The success of machine learning comes from the ability of models trained through data from a particular domain called a training set to make predictions in real-world situations in the same domain. In any ML pipeline, a number of candidate models are trained using the data. At the end of the training, an essential part of the basic domain structure is encoded in the model. This allows the ML model to generalize to create predictions in the real world. For example, you can insert a large number of cat videos and non-cat videos to train a model to recognize cat videos. At the end of the training a certain amount of cat video recordings are coded into predictors of success.

ML is used in many family systems; including movie recommendations based on viewing data and market basket analysis that suggest new products based on current shopping cart content to name a few. Facial recognition, skin cancer prediction from clinical images, identification of retinal neuropathy from retinal scans, cancer predictions from MRI scans are all in the domain of ML. Of course, the recommendation systems for films are very different in scope and importance from those that predict skin cancer or the onset of retinal neuropathy and thus blindness.

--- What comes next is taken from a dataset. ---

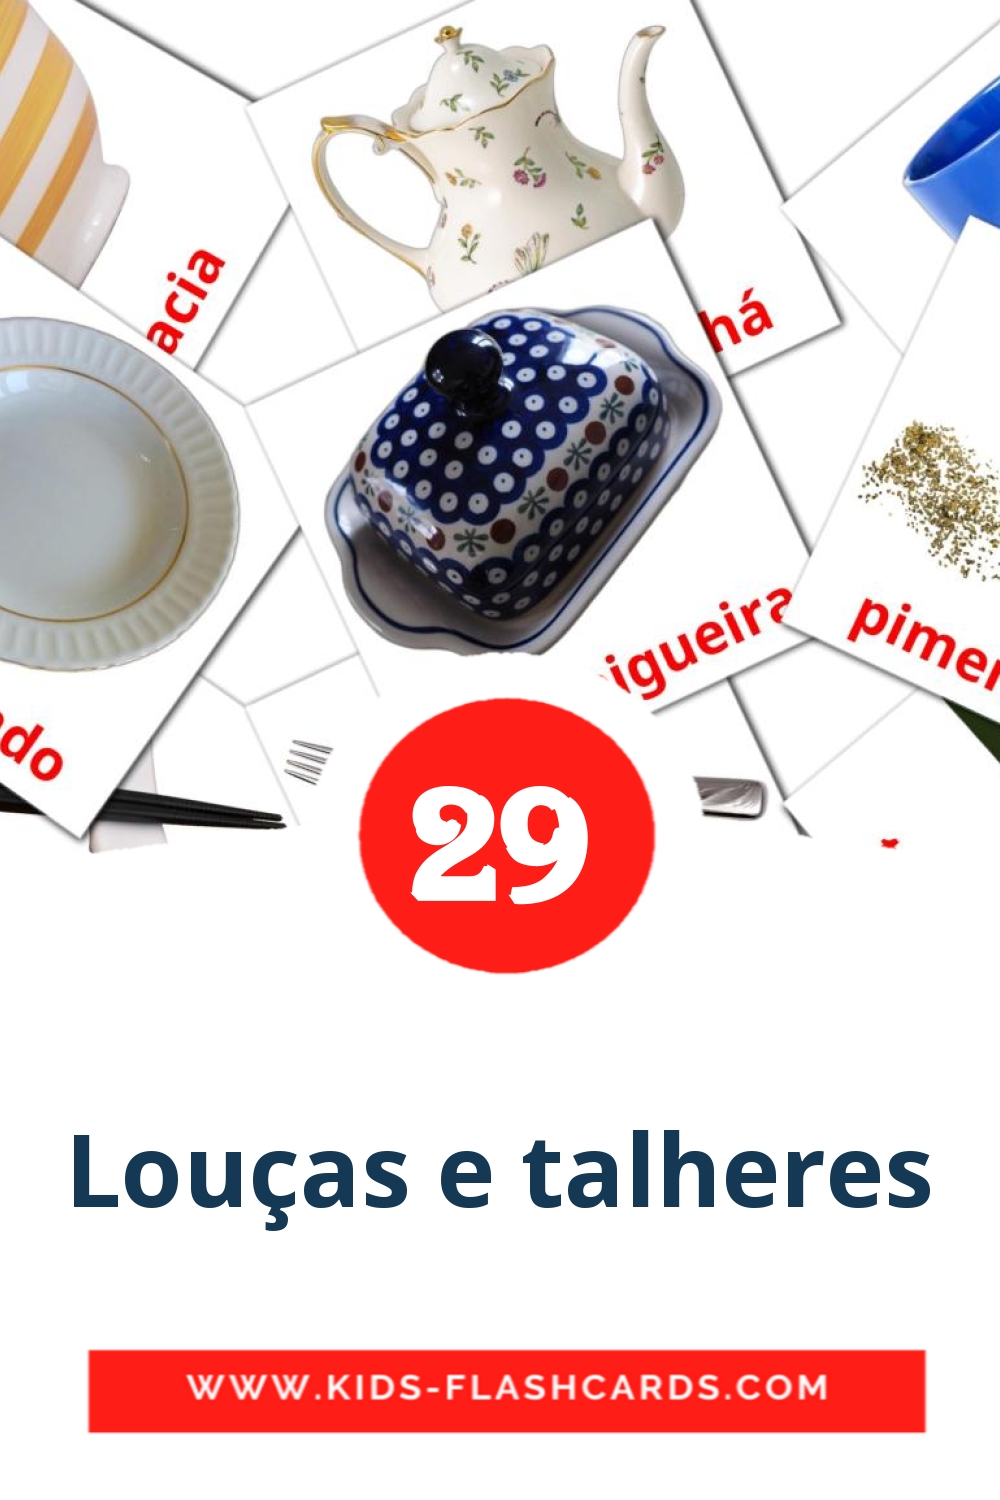 Louças e talheres на португальском для Детского Сада (29 карточек)

The key idea after this training is to use an independent and identically distributed system (iid) assessment procedure using data from training distribution that predictors have not yet found. This rating is used to choose the candidate for real-world distribution. Many candidates can perform similarly during this stage, although there are subtle differences between them due to starting assumptions, number of runs, data they have trained on etc.

Ideally the iid evaluation is a proxy of the model’s expected performance. This helps separate the grain from the chaff. The problems of iid-optimal models. It is obvious that there would have been a structural mismatch between the training sets and the real world. The real world is messy, chaotic, images are blurry, operators are not trained to capture pristine images, equipment failures. All predictors deemed equivalent in the evaluation phase should have shown similar flaws in the real world. A document written by three principals and supported by about thirty other researchers, all from google

GOOG
, examines this theory to explain many high-profile errors of real-world ML models. This includes Google’s highly publicized health fiasco in which the model did not perform well in field tests in Thailand aimed at diagnosing retinal neuropathy from scans.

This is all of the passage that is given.